Bubble

class discopy.tensor.Bubble(name=None, dom=None, cod=None, data=None, *args, **kwargs)

Bases: discopy.monoidal.Bubble, Box

Bubble in a tensor diagram, applies a function elementwise.

Parameters:

• inside (tensor.Diagram) – The diagram inside the bubble.

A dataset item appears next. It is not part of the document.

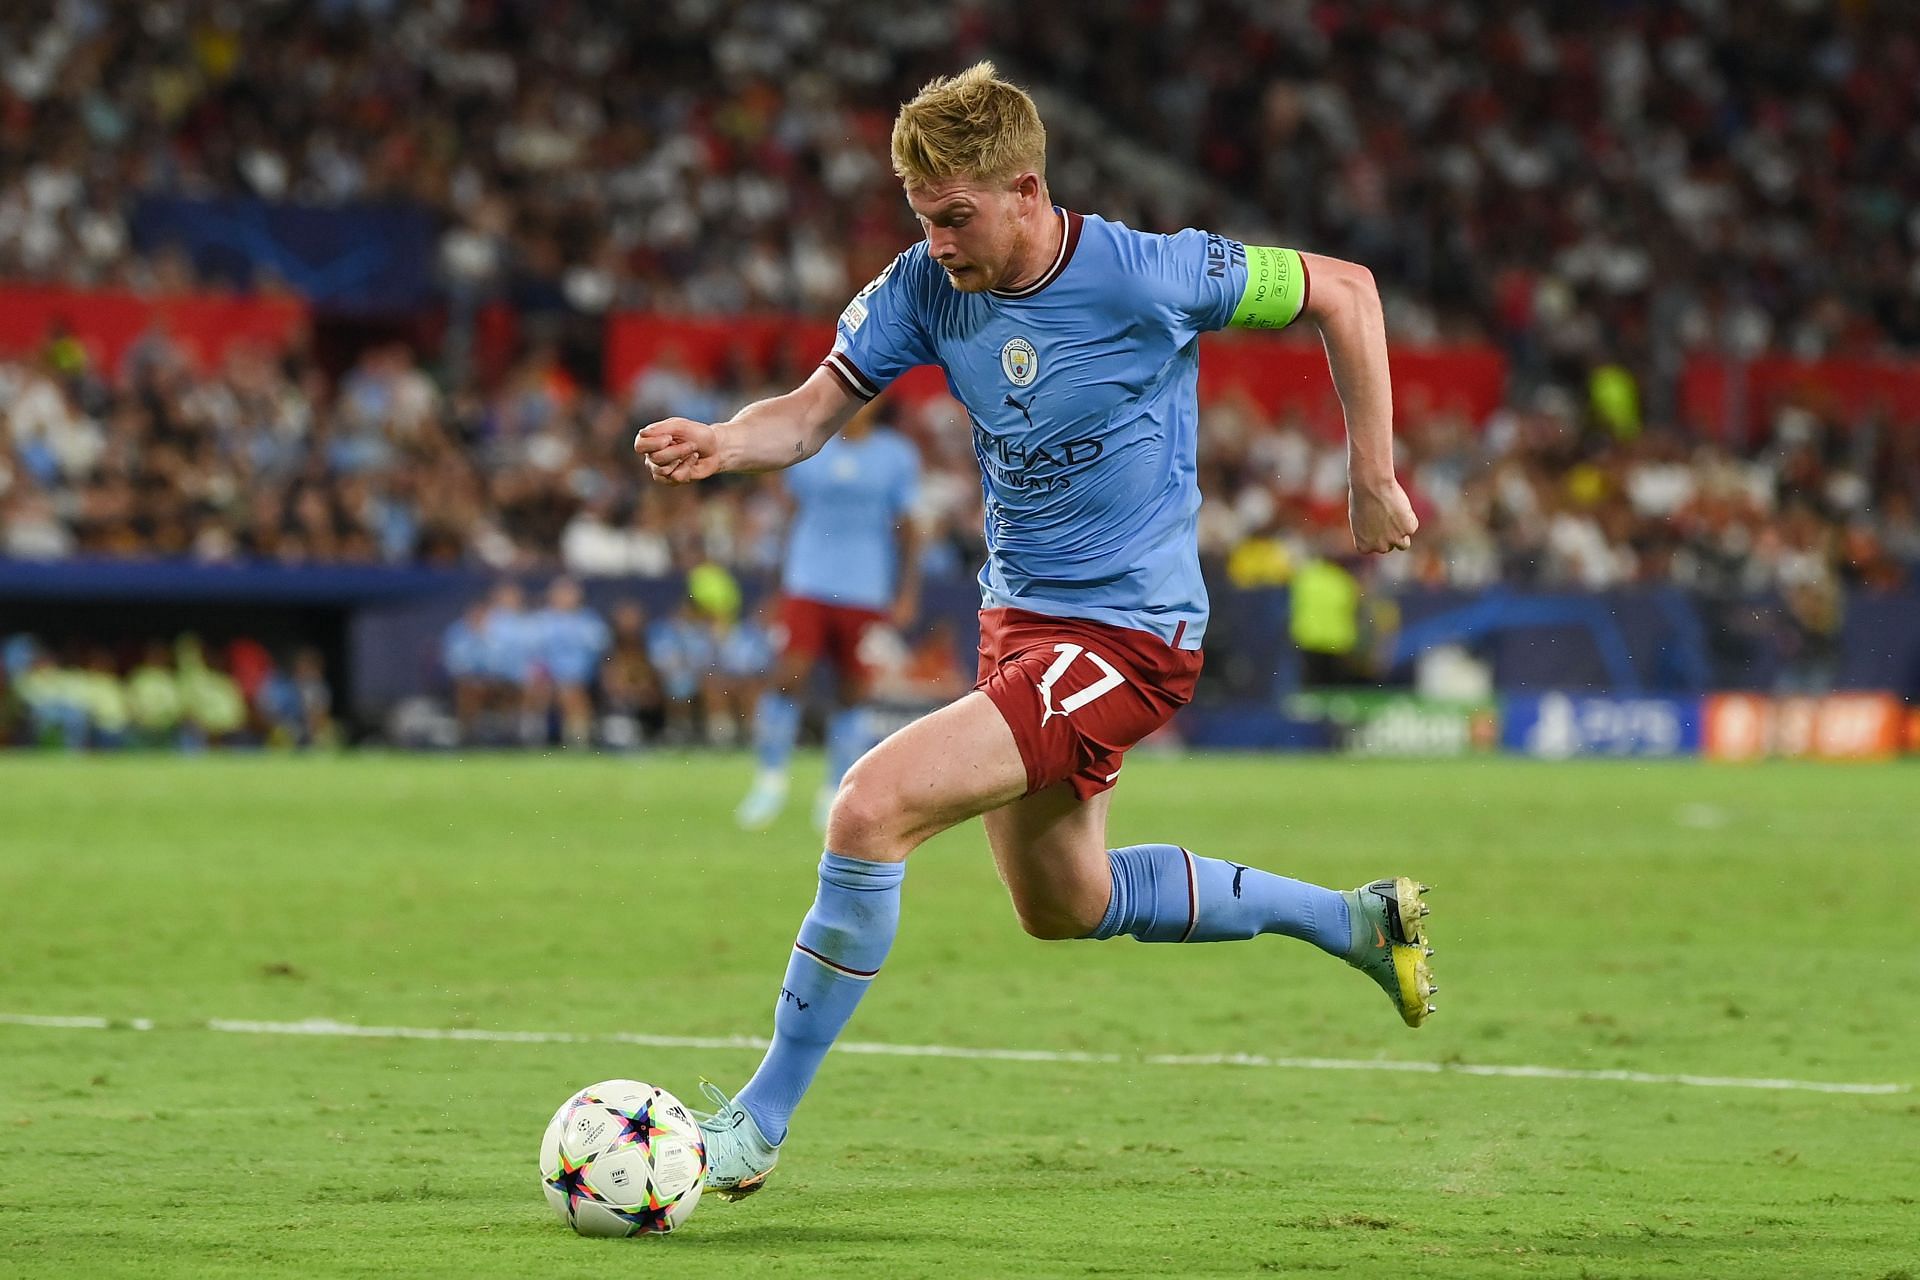 De Bruyne has been impressive for Manchester City this season

• func (callable) – The function to apply, default is lambda x: int(not x).

Examples

>>> men = Box("men", Dim(1), Dim(2), [0, 1])
>>> mortal = Box("mortal", Dim(2), Dim(1), [1, 1])
>>> men_are_mortal = (men >> mortal.bubble()).bubble()
>>> assert men_are_mortal.eval(dtype=bool)
>>> men_are_mortal.draw(draw_type_labels=False,
...                     path='docs/_static/tensor/men-are-mortal.png')

>>> from sympy import Expr
>>> from sympy.abc import x
>>> f = Box('f', Dim(2), Dim(2), [1, 0, 0, x])
>>> g = Box('g', Dim(2), Dim(2), [-x, 0, 0, 1])
>>> def grad(diagram, var):
...     return diagram.bubble(
...         func=lambda x: getattr(x, "diff", lambda _: 0)(var),
...         drawing_name=f"d${var}$" )
>>> lhs = grad(f >> g, x)
>>> rhs = (grad(f, x) >> g) + (f >> grad(g, x))
>>> assert lhs.eval(dtype=Expr) == rhs.eval(dtype=Expr)

>>> from discopy.drawing import Equation
>>> Equation(lhs, rhs).draw(figsize=(5, 2), draw_type_labels=False,
...                         path='docs/_static/tensor/product-rule.png')

grad(var, **params)

The gradient of a bubble is given by the chain rule.

>>> from sympy.abc import x
>>> g = Box('g', Dim(2), Dim(2), [2 * x, 0, 0, x + 1])
>>> f = lambda d: d.bubble(func=lambda x: x ** 2, drawing_name="f")
>>> lhs, rhs = Box.grad(f(g), x), f(g).grad(x)

>>> from discopy.drawing import Equation
>>> Equation(lhs, rhs).draw(draw_type_labels=False,
...                         path='docs/_static/tensor/chain-rule.png')